CTR drop	1000 impressions	Below this, the delivery mix is too noisy to trust the CTR number

These are not arbitrary. They come out of the sample-size rules in the mureo-learning skill, which encodes what signal looks like at each metric — the point below which a “bad day” is day-to-day noise rather than a shift worth acting on. Below the gate, the detector returns nothing. The metric is surfaced for monitoring in the /daily-check report, not for action.

C. Severity tiers tied to effect size

When the gate is cleared, the detector emits one of two tiers:

Tier	CPA condition	CTR condition
HIGH	≥ 1.5× baseline	≤ 0.5× baseline
CRITICAL	≥ 2.0× baseline	≤ 0.3× baseline

Two tiers, not five. Five tiers would imply a precision the detector does not have. The two tiers map to different operator actions:

HIGH — investigate before the next daily check; likely a structural cause (bid change, new competitor, landing page break).
CRITICAL — pause-worthy without explanation; budget is actively burning against something that stopped working.

D. What the detector refuses to do

Three things the naive version ships that mureo’s does not:

It does not alert on zero-conversion days unless the campaign previously had non-zero conversions and spent money today. Zero conversions on a paused campaign is the correct state.
It does not alert on brand campaigns unless the baseline includes brand. Non-brand baseline applied to brand campaign will always look like a “CPA spike.” The detector inherits the brand flag from the campaign snapshot rather than guessing.
It does not infer root cause. The anomaly is a shape, not an explanation. Root cause belongs in the /rescue workflow, which consults the diagnostic knowledge base with the anomaly as input. Mixing detection and explanation is how SaaS dashboards end up telling you CPA rose “due to increased competition” on days when the actual cause was a bidding strategy that flipped into learning mode.
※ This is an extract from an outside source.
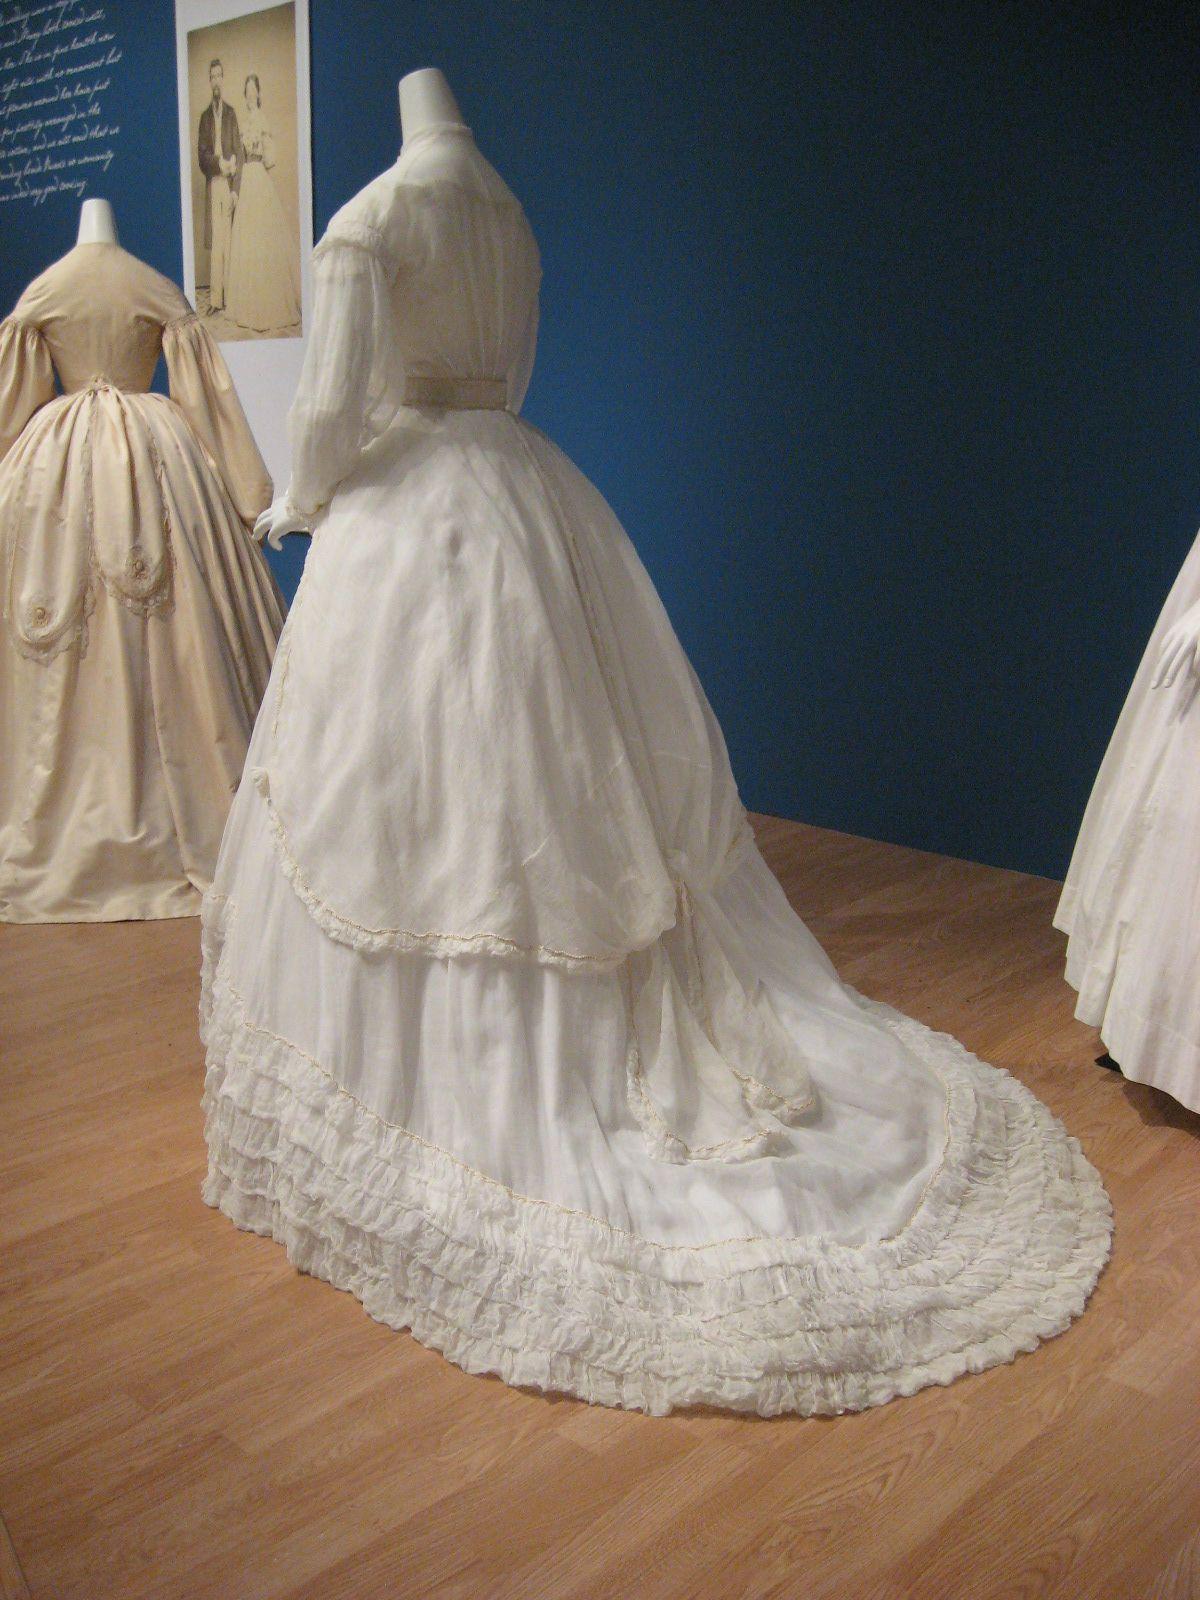 ksmf cotton gauze wedding gown satin belt cotton

When you should still override the agent

The detector is tuned for the median account. It is wrong — and you should override it — in at least these cases:

Known promotional pulse. If you are running a 48-hour flash sale and CPA doubles on hour 2, that is the promotion working (high CPC auction, high volume), not a spike. Tell mureo with /learn; future runs will factor the pulse in.
Attribution lag. Some ad types — view-through, app-install, offline conversion imports — report conversions 1-7 days late. Same-day CPA will show as “spiked” because the numerator is real but the denominator is partial. The detector does not currently correct for this; a wrapper that suppresses alerts within the lookback window is on the roadmap.
Sample-gate boundary. If you have a CPA metric that genuinely matters at 20 conversions/day (niche B2B, high LTV), the 30 threshold is too loose. Operator override: pass a smaller min_conversions to the tool invocation. The default is the default, not the ceiling.

Bottom line

The job of an anomaly detector on a money-touching account is not to notice that a number went up. It is to emit an alert rarely enough that, when it does fire, it is worth acting on.

mureo’s detector is not clever. It refuses to fire below sample-size gates; it uses a median rather than a mean; it picks two severity tiers instead of five; it lets humans override when local context demands it. Every one of those choices trades “ability to look impressive on a slide” for “being trusted at 3 AM.”

If that trade is wrong for your account, mureo is wrong for your account. If it is right, the code is at mureo/analysis/anomaly_detector.py.

This article is part of the mureo methodology series. The source numbers cited (1.5×/2.0× CPA, 30 conversions, 1000 impressions) are the current defaults in anomaly_detector.py as of mureo 0.9.21; they are versioned with the OSS release and may be retuned as the diagnostic knowledge base grows.